Como substituir amores

Barbara Duffles


Logo no primeiro dia em que chegou, Lolinha conquistou o coração de Aquiles. Loura, seios fartos, boca convidativa, cintura fina. E não tinha somente estes atributos de mulher fútil. Aquiles via nela duas das qualidades que mais admirava nas fêmeas: não tagarelava e sabia ouvir o companheiro. Como todo relacionamento, o início foi de muita paixão. Noites e noites rolando na cama com Lolinha, Aquiles não queria saber de mais nada. Chegou a fingir uma gripe para faltar ao trabalho e garantir alguns dias de luxúria com sua loura. Seu programa preferido era tomar banho de banheira com ela: adorava como o corpo de Lolinha ficava escorregadio na água, um convite para momentos inigualáveis a dois.

Também como todo relacionamento que dá certo, da paixão voluptuosa veio o amor incondicional. Aquiles e Lolinha continuavam enroscados dia e noite, mas agora os encontros tinham pitadas de romantismo rasgado.
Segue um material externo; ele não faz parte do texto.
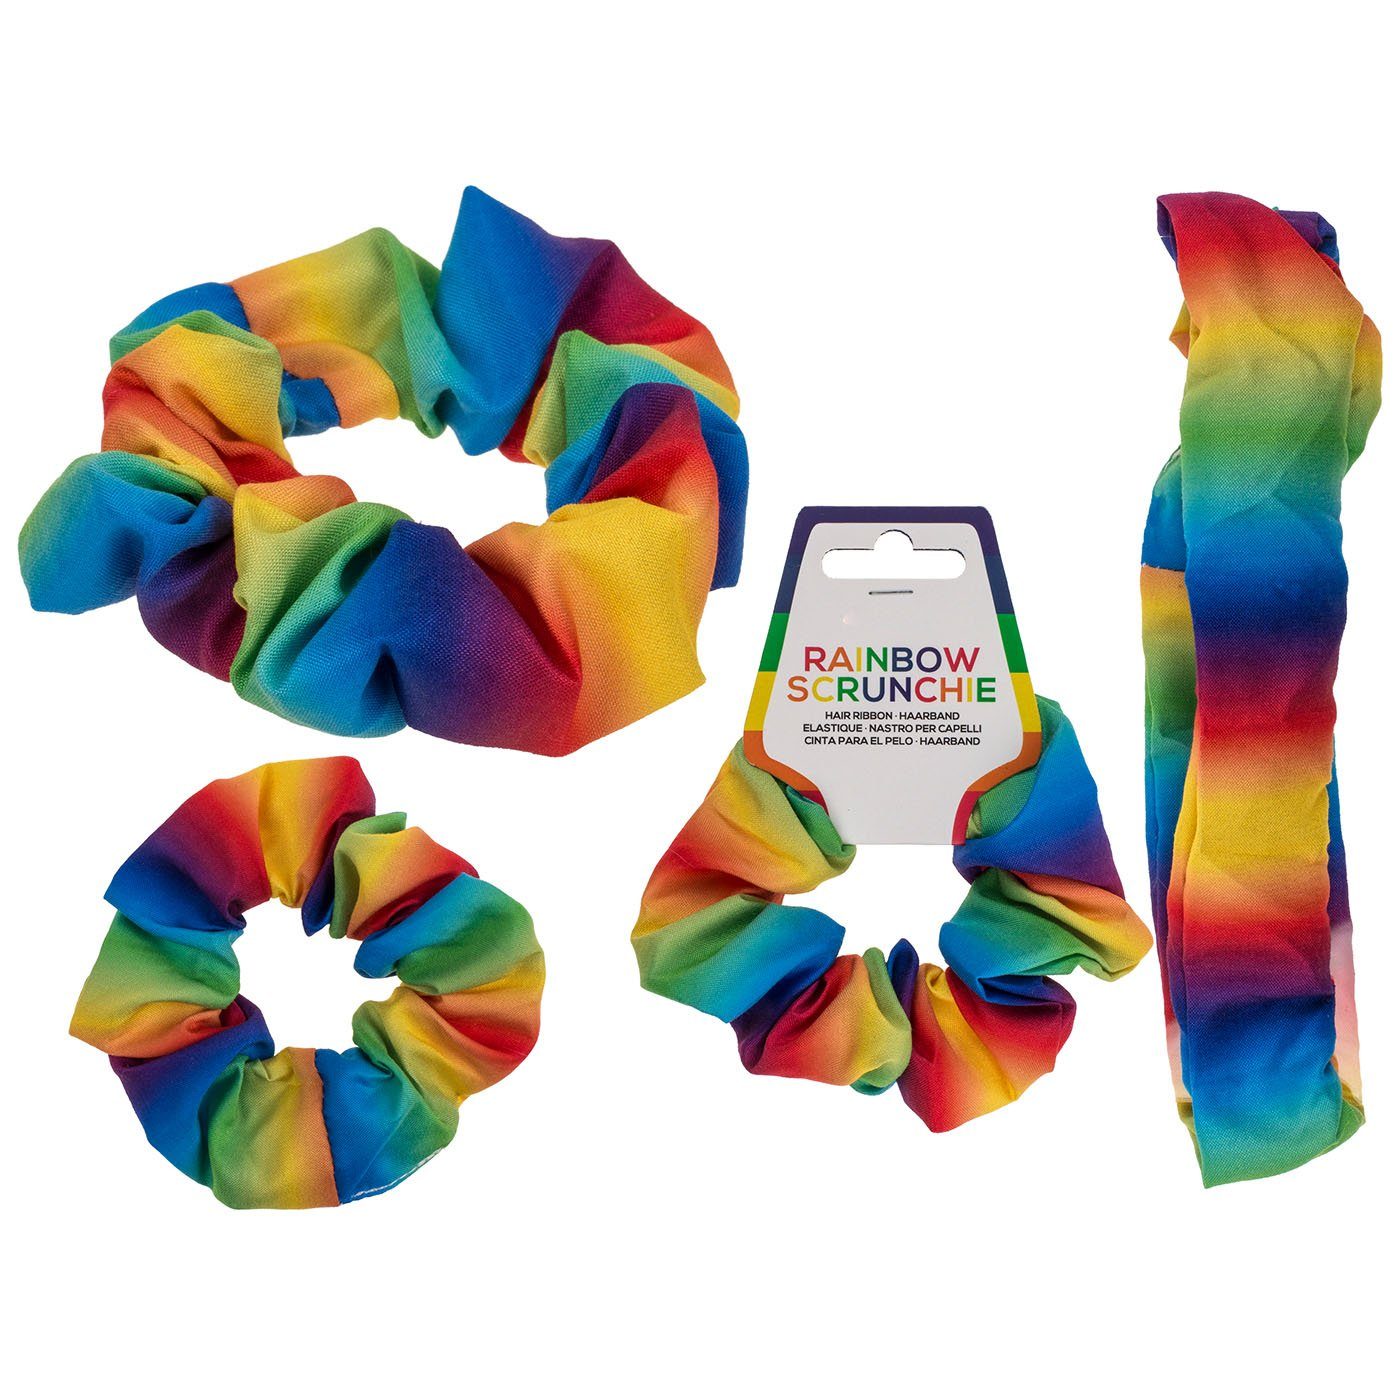 Haarband Regenbogen ReWu Textil-Haarband Pride Scrunchie

Aquiles levava flores, preparava jantares a dois em seu pequeno apartamento. Cada vez mais apaixonado, ele se declarava de forma emocionada, fitando os olhos sempre abertos dela, desejando ainda mais a boca convidativa da moça.

Como alguns relacionamentos que dão certo e depois se perdem, o amor foi corrompido por uma dose exagerada de ciúme. Tão grande era o sentimento de Aquiles por Lolinha, que ele se transformou num obsessivo de marca maior. Com medo de perder sua mulher para os amigos, Aquiles nunca a apresentou a ninguém. Os dois passavam a maior parte do tempo juntos e sozinhos, sem interferências externas. Os amigos cochichavam a respeito dele às escondidas. Ninguém acreditava que Aquiles tinha mesmo a tal mulher incrível da qual ele tanto se gabava. Afinal, nenhum deles havia visto Lolinha. Chegaram a fazer um bolão no escritório, onde as más línguas apostavam que “ela”, na verdade, era “ele”.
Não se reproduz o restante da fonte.